Wednesday, March 9, 2011

Back Loading as a Writing Device

Still time to join the party—leave a recipe on this post from 3/7 and be entered to win a query critique by my agent Vickie Motter, a first page critique from Laura Pauling, a first page critique by me, or a signed copy of one of my nonfiction books.

A year ago I took a class on rhetorical devices with Margie Lawson through WriterU. I learned a ton of strategies, some of which I’m still processing. If you have a chance to take this class, I highly recommend it!

One of the best tools I learned from Margie is the concept of back loading a sentence. Basically, this is putting the most important word in the sentence last, thereby ending with the most powerful word. Sometimes you have to play around with it.

As Charles watched, the flames consumed his childhood home.

As Charles watched, his childhood home surrendered to the flames.

Ok, maybe not the best example, but you get the idea. In some situations it might depend on what concept or word is the most important. Do you want to leave the reader with the word “home” or the word “flames”? What’s the next sentence? If you find yourself ending sentences with weak words, try playing around with it to make it stronger.

As I’m working through the revision notes from my agent, I’m finding places where I could have back loaded a sentence but didn’t. The MS is slowly evolving. (see what I did there? I could have said "evolving slowly" but I think "evolving" is the most important word. So I back loaded.) :)

Update: Here's a link to Margie Lawson's blog.


Laura Pauling said...

I love Margie's classes. And you can purchase the packets for - I think - 20 dollars off her website. well worth the money. Backloading is just one of many of the techniques you'll learn to add more emotion and power to your story! i recommend it too!

Kristine Asselin said...

Thanks, Laura! You're right, you can purchase Margie's packet. I found it more helpful than some published books on craft!

mooderino said...

Thanks for the tip, I'm going to try it out, see if it works for me.

Lori M. Lee said...

Great advice!
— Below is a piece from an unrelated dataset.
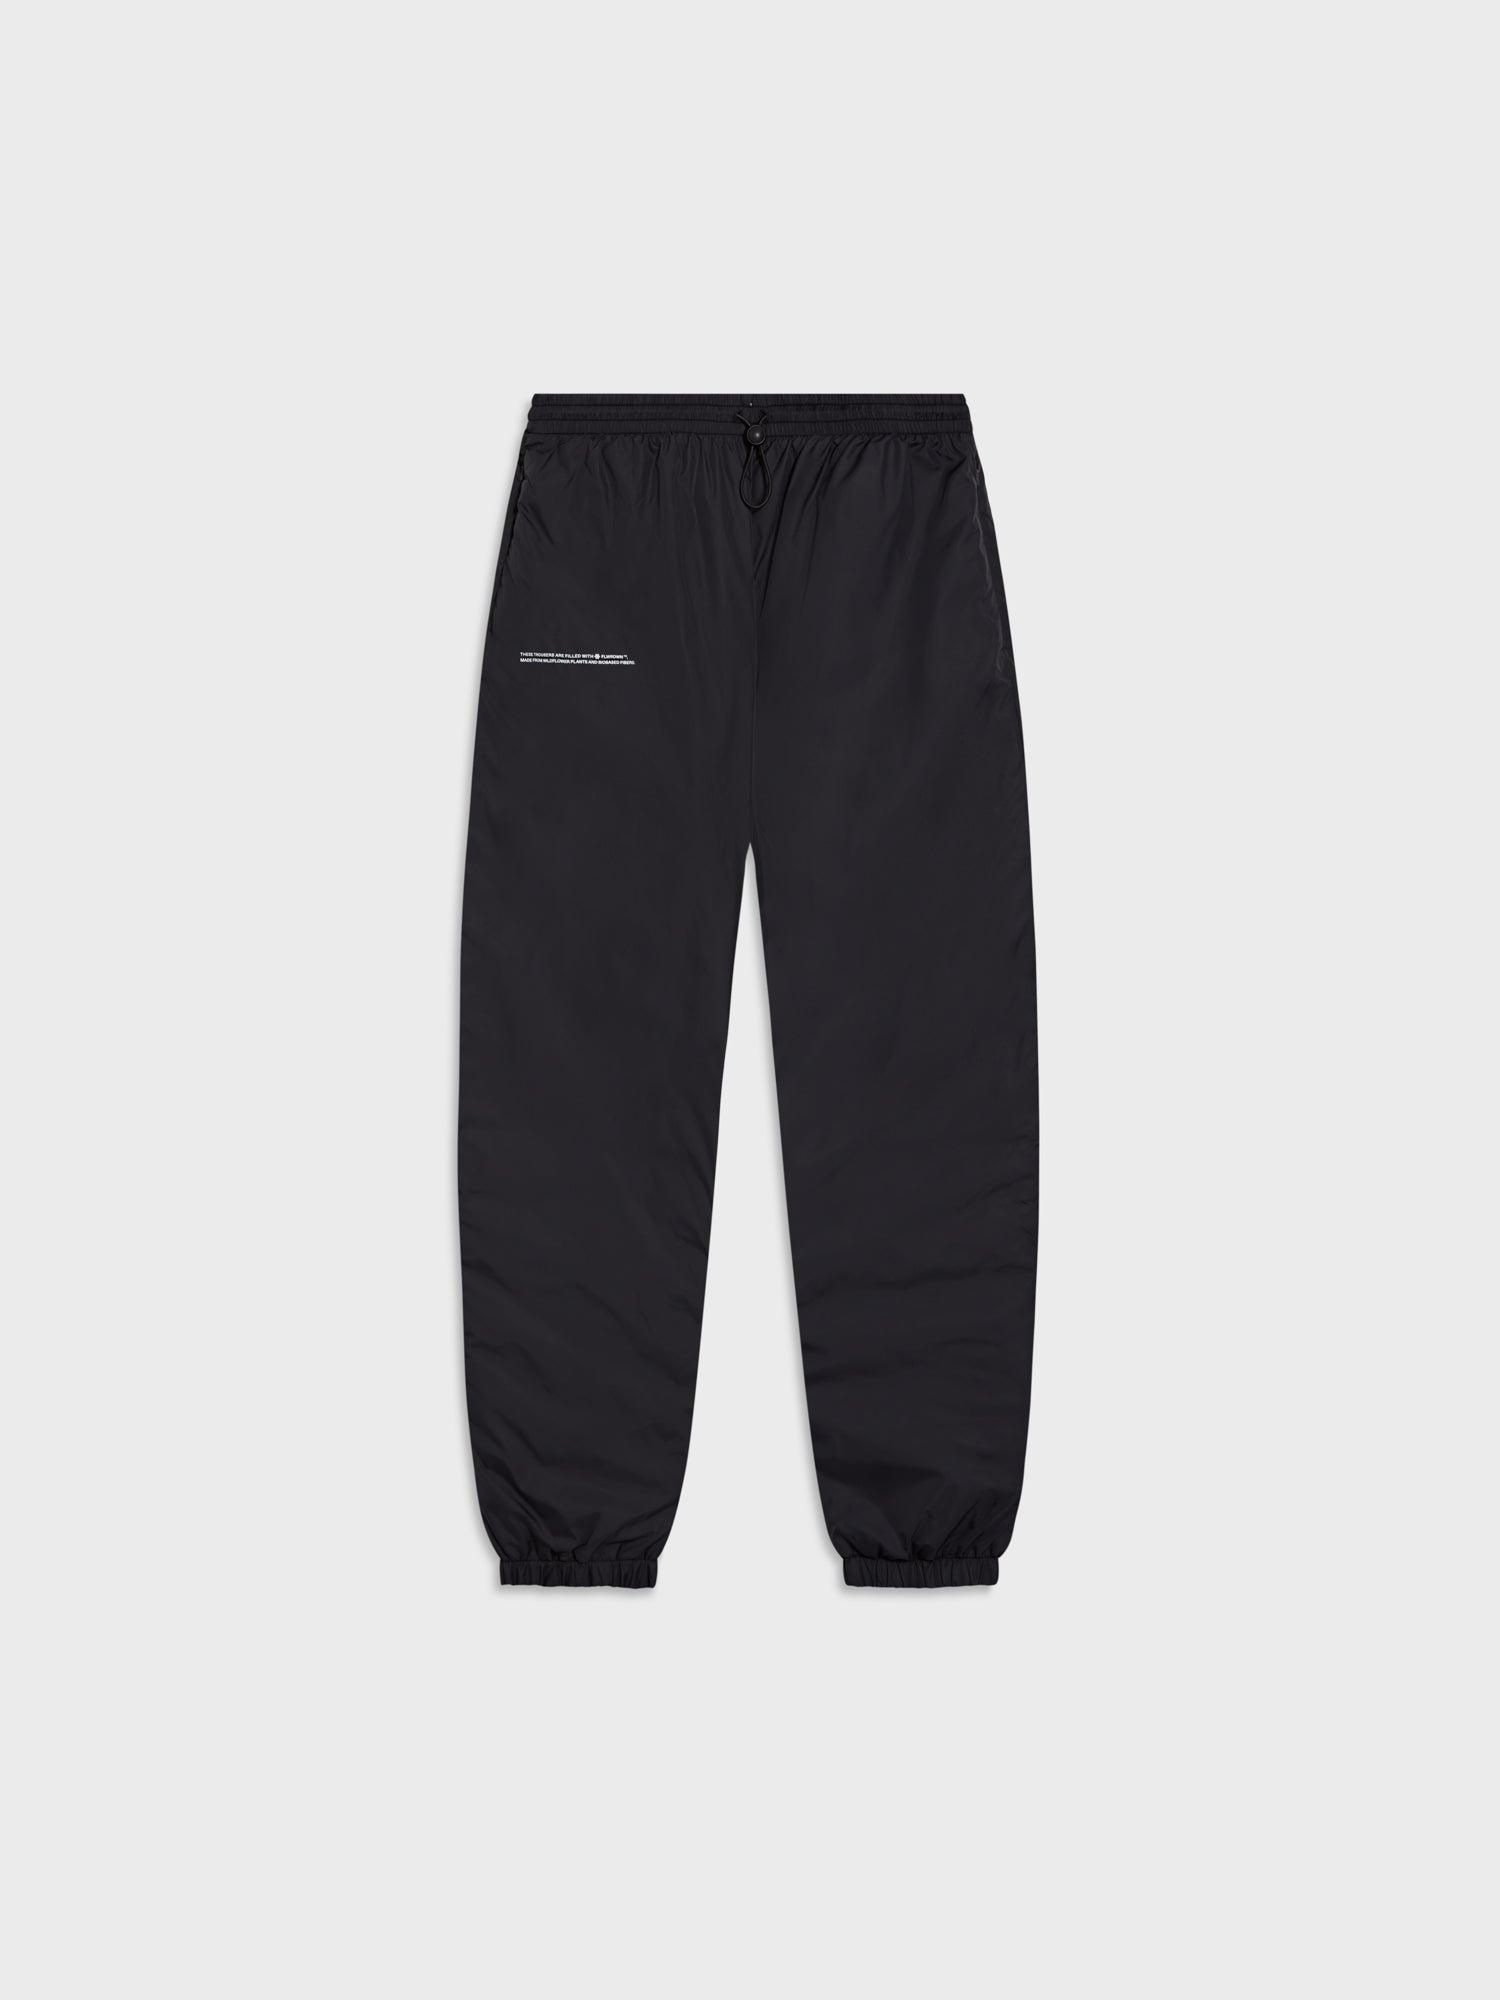 FLWRDWN™ Lite Track Pants

This is going beyond grammar and really picking your words carefully to show off your craft. Thanks so much!

Kristine Asselin said...

Mood, Lori -- Glad you found it helpful. Thanks for stopping by!

Ansha Kotyk said...

Margie's classes are the best! You're reminding me to go back and reread the class notes (Margie's info packets are literally packed with info and examples!)
Here's a link to an interview I did with Margie regarding her classes.

Tina Laurel Lee said...

Such a useful post! I'm gonna check my sentences out.

Cambria Dillon said...

Oooh, I'll have to check out Margie's packet. I'd heard of this technique before but didn't realize it had a fancy name! Good stuff. Thanks for sharing and good luck with your revisions!

Kristine Asselin said...

Definitely check out Margie's packets, well worth the investment. I love this technique. It really makes you think about how to structure your sentences.

Sophia Chang said...

hahahaha you and I were in the same class! I printed out all the chapters (except Ch 1, which I can't seem to find - ack!) but I haven't finished reading the binder I meticulously put together for the class. Still 2 chapters to go. It takes forever to highlight and tag the dense material.

I definitely worked on the ms I'm querying in that class. What did you work on?